Cluster categories for algebras of global dimension 2 and quivers with potential

TL;DR

This paper constructs and analyzes new triangulated categories associated with finite-dimensional algebras of global dimension 2 and quivers with potential, generalizing cluster categories and establishing their properties.

Contribution

It introduces a new class of triangulated categories for algebras of global dimension 2 and quivers with potential, extending known cluster categories and identifying conditions for their Calabi-Yau and cluster-tilting structures.

Findings

The categories are 2-Calabi-Yau when Hom-finite.
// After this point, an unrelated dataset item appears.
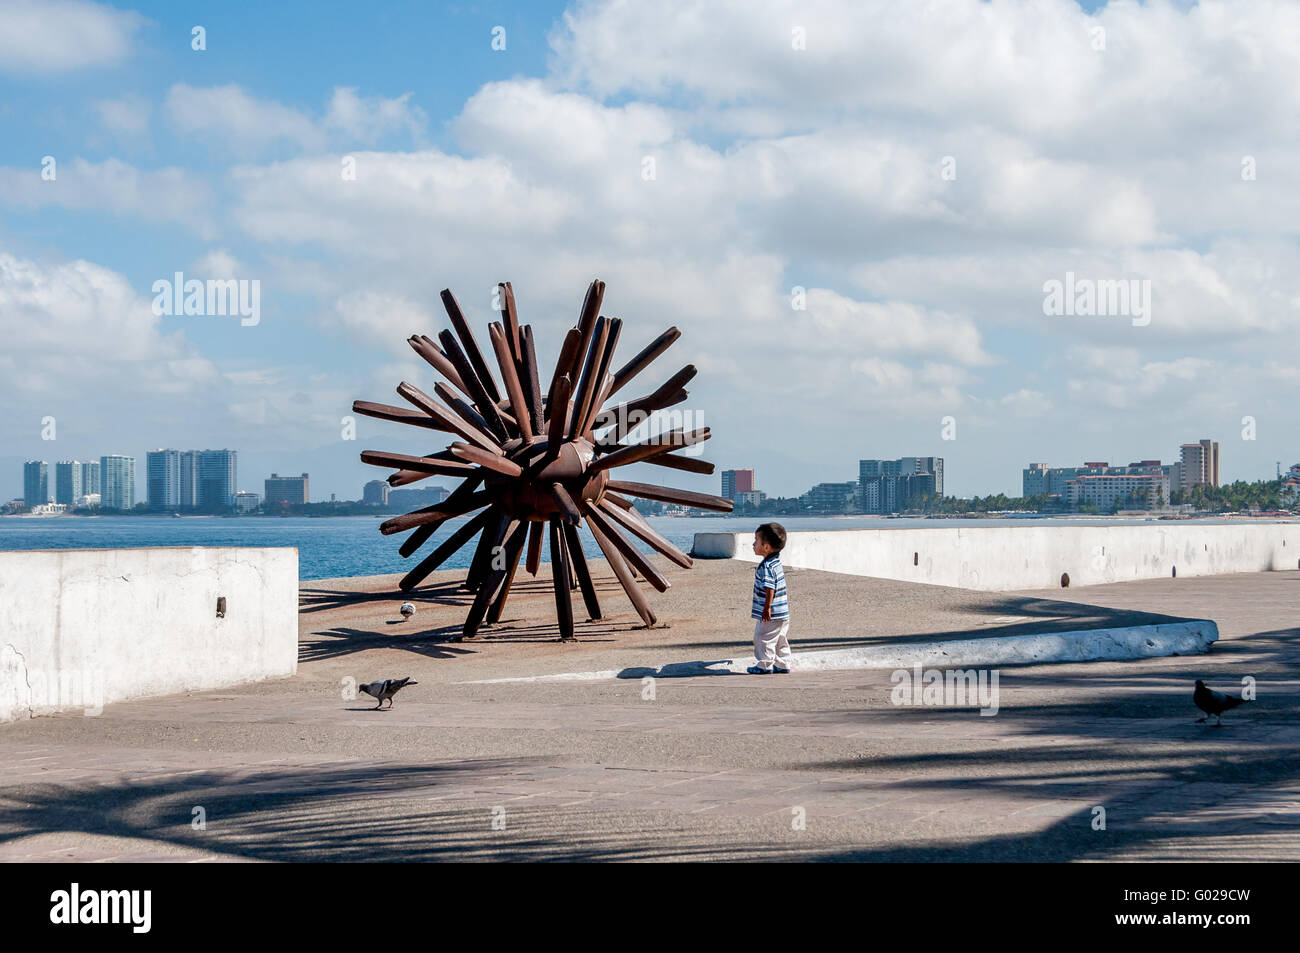 On the Puerto Vallarta malecon a small child contemplates Eriza-Dos, the iron sea urchin modern sculpture by artist Blu. Stock Photo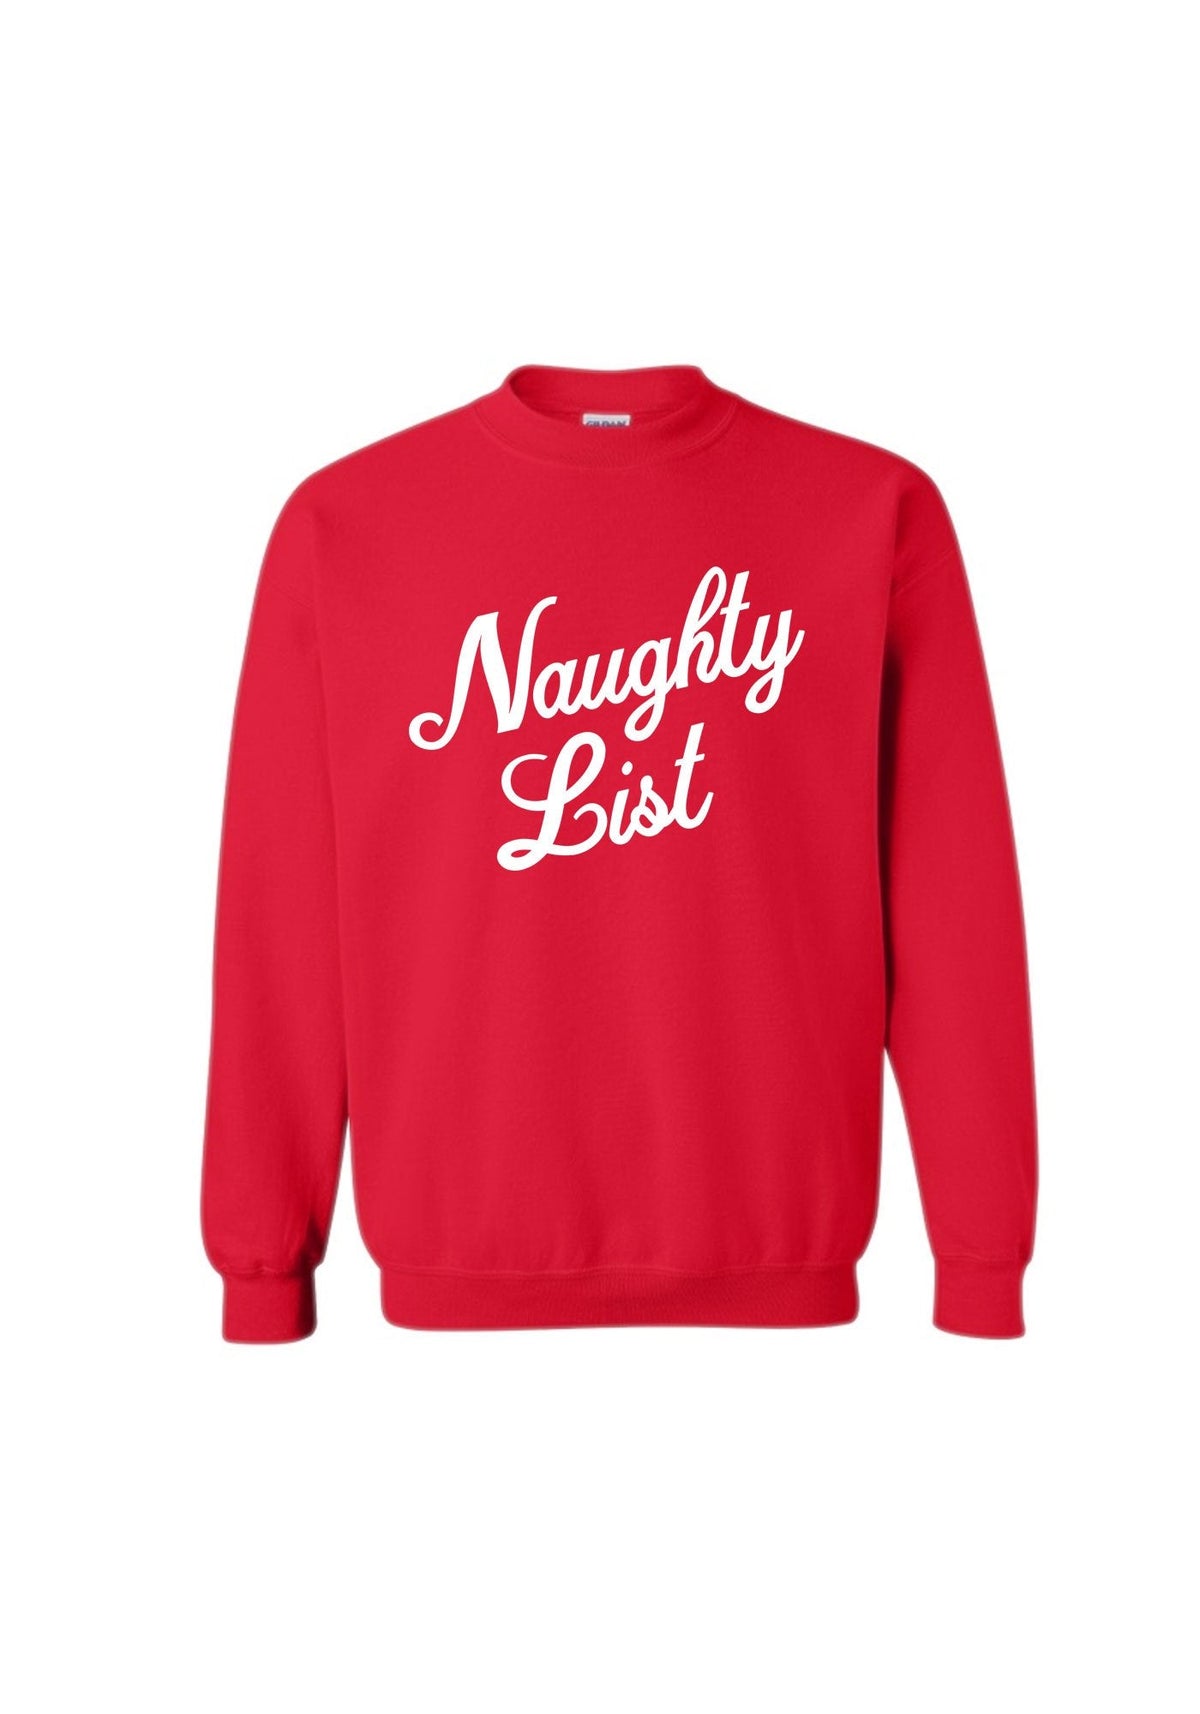 Naughty List Sweatshirt by kaeraz christmas christmas sweater happy holidays

Existence of canonical cluster-tilting objects in these categories.

Application to Jacobian algebras from quivers with potential.

Abstract

Let $k$ be a field and $A$ a finite-dimensional $k$-algebra of global dimension $\leq 2$. We construct a triangulated category $\Cc_A$ associated to $A$ which, if $A$ is hereditary, is triangle equivalent to the cluster category of $A$. When $\Cc_A$ is $\Hom$-finite, we prove that it is 2-CY and endowed with a canonical cluster-tilting object. This new class of categories contains some of the stable categories of modules over a preprojective algebra studied by Geiss-Leclerc-Schr{\"o}er and by Buan-Iyama-Reiten-Scott. Our results also apply to quivers with potential. Namely, we introduce a cluster category $\Cc_{(Q,W)}$ associated to a quiver with potential $(Q,W)$. When it is Jacobi-finite we prove that it is endowed with a cluster-tilting object whose endomorphism algebra is isomorphic to the Jacobian algebra $\Jj(Q,W)$.